WORK TO BE COMPLETED:
From the first line to the last, output the data exactly as it stands, minus its pictures.
═════ PROVIDED MATERIAL ═════
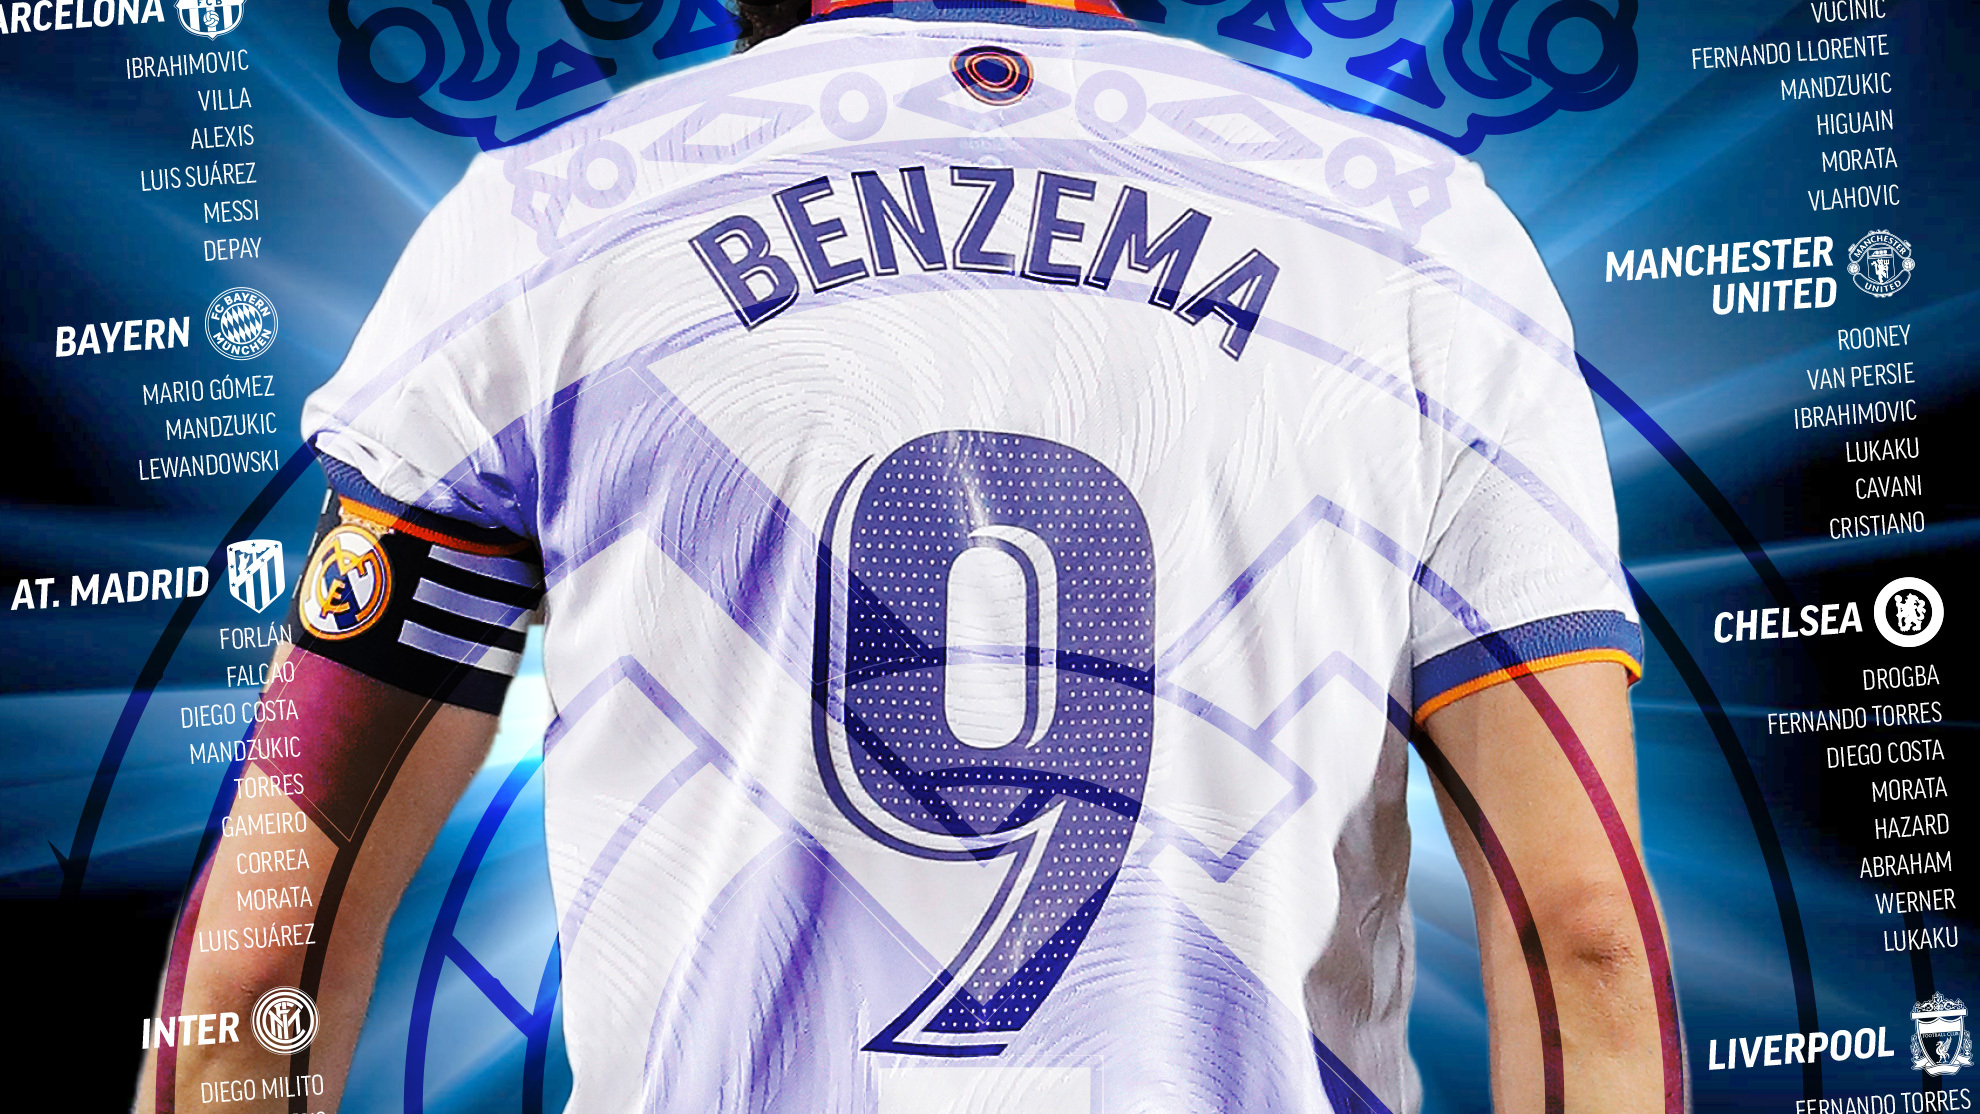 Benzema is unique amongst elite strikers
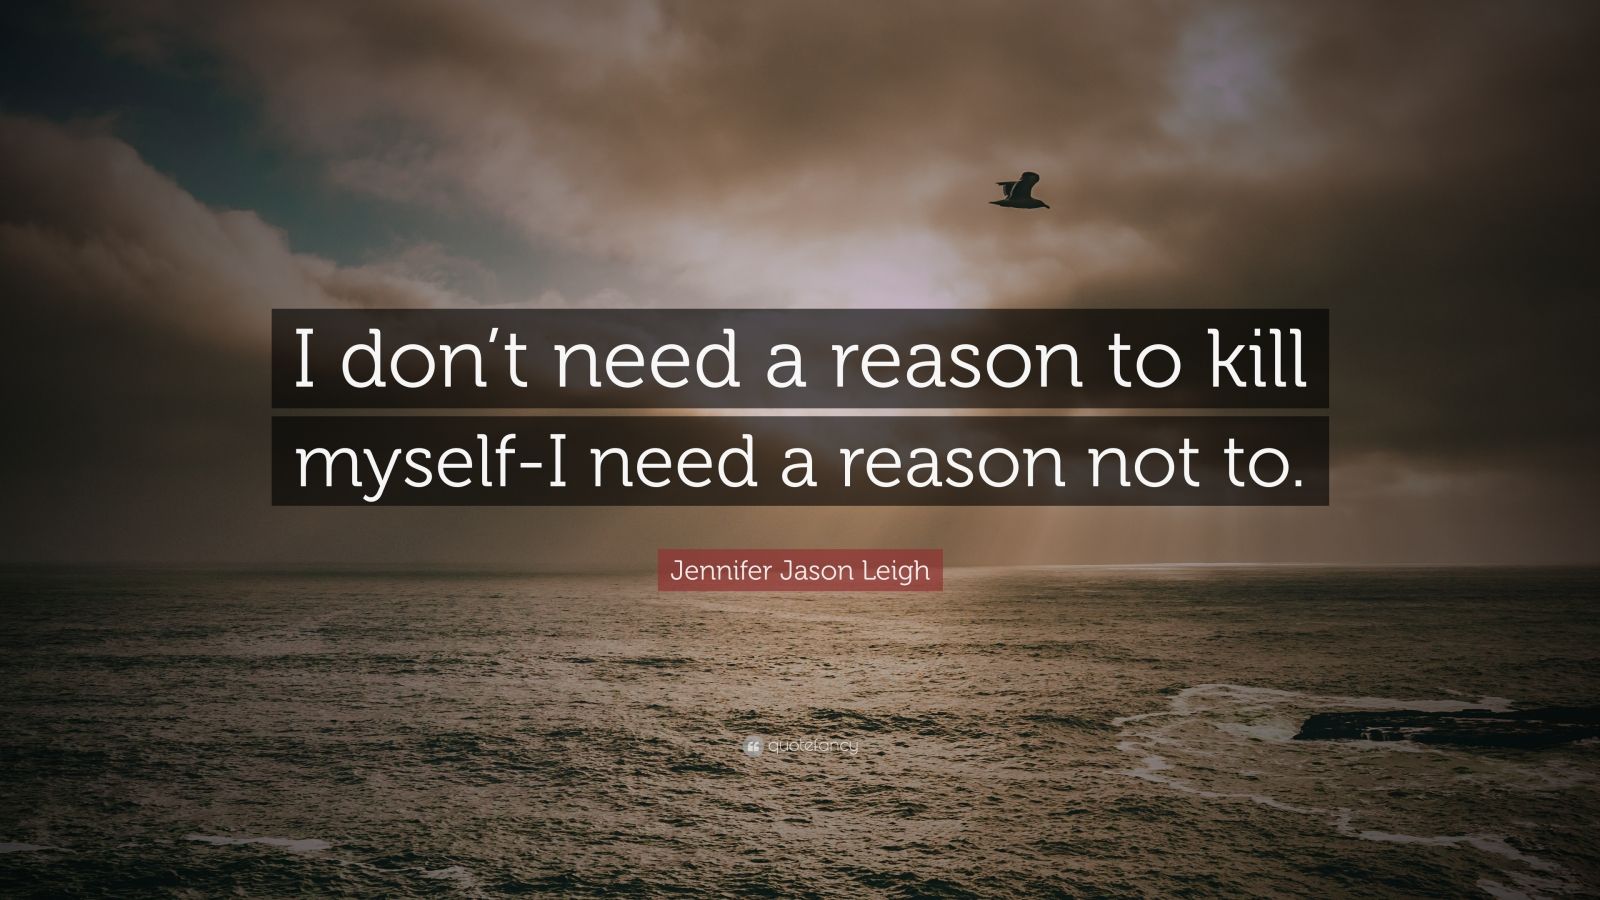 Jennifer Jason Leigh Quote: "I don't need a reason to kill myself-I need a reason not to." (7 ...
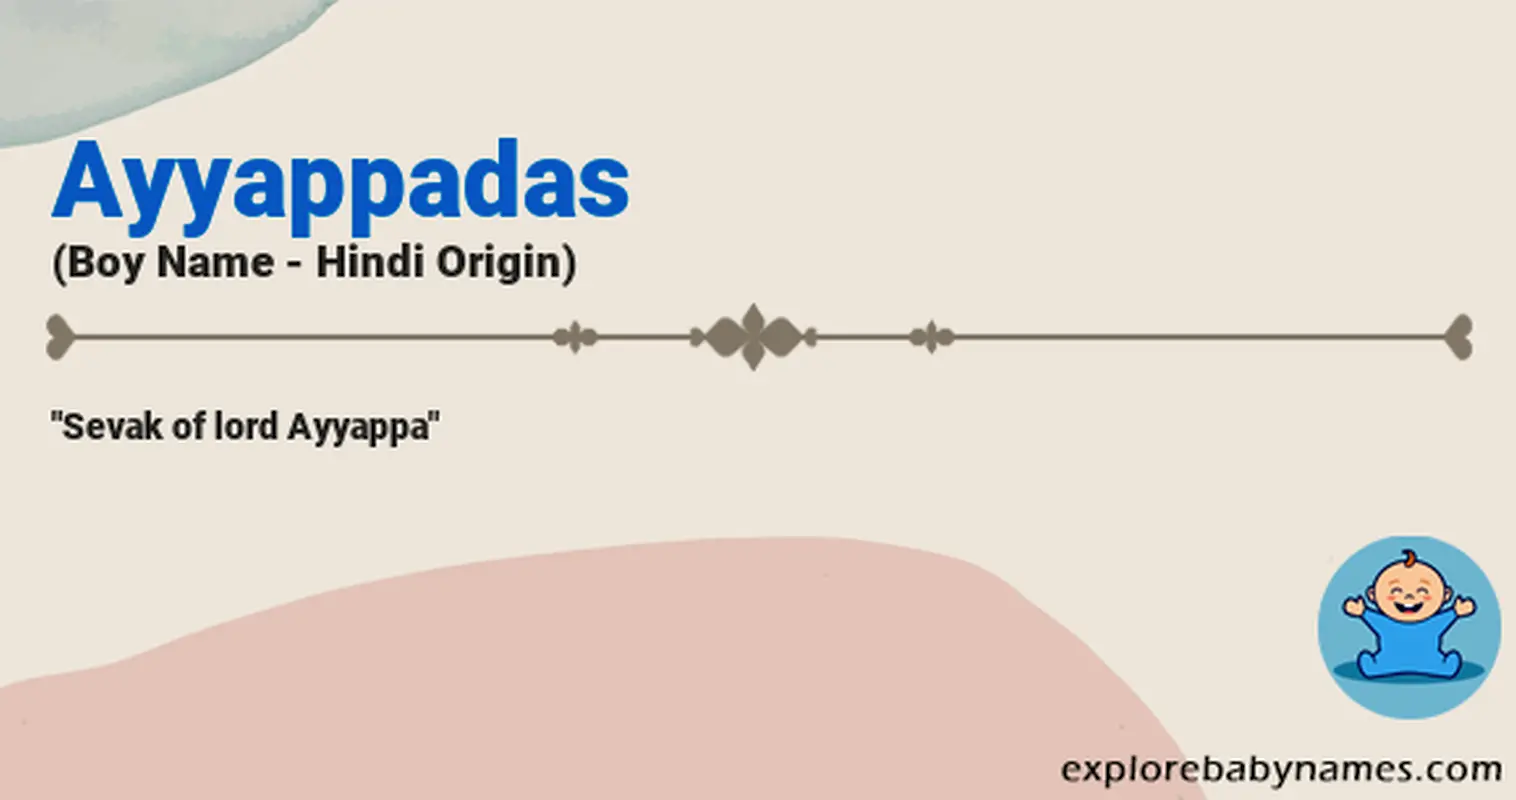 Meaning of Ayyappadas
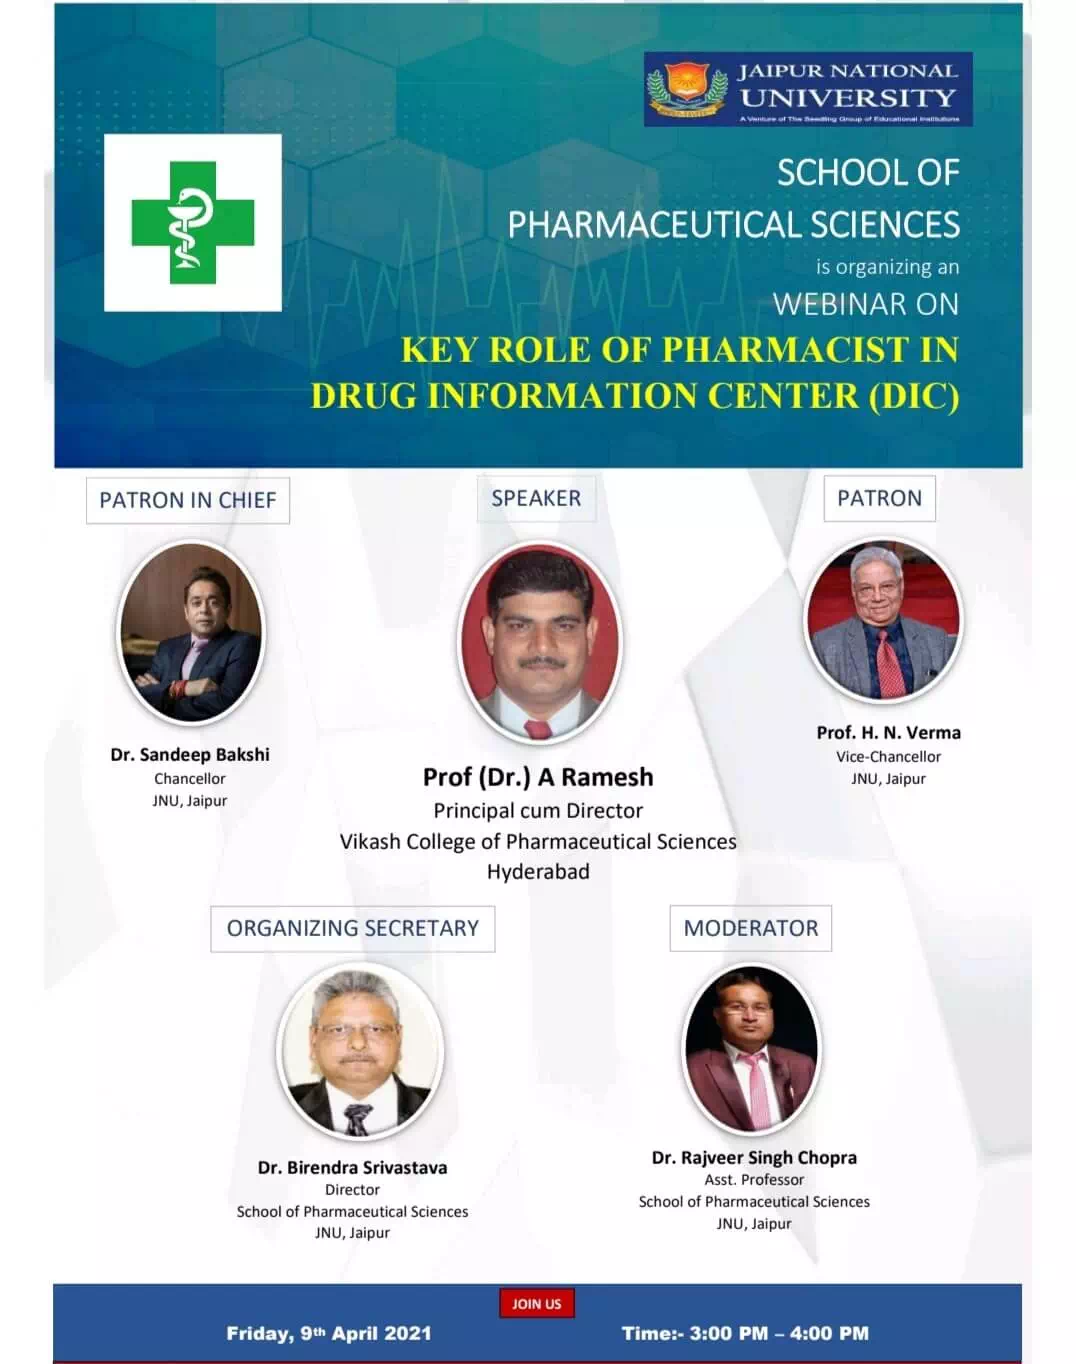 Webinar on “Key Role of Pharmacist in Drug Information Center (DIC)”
═════
WORKED SOLUTION:
 Benzema is unique amongst elite strikers
 Jennifer Jason Leigh Quote: "I don't need a reason to kill myself-I need a reason not to." (7 ...
 Meaning of Ayyappadas
 Webinar on “Key Role of Pharmacist in Drug Information Center (DIC)”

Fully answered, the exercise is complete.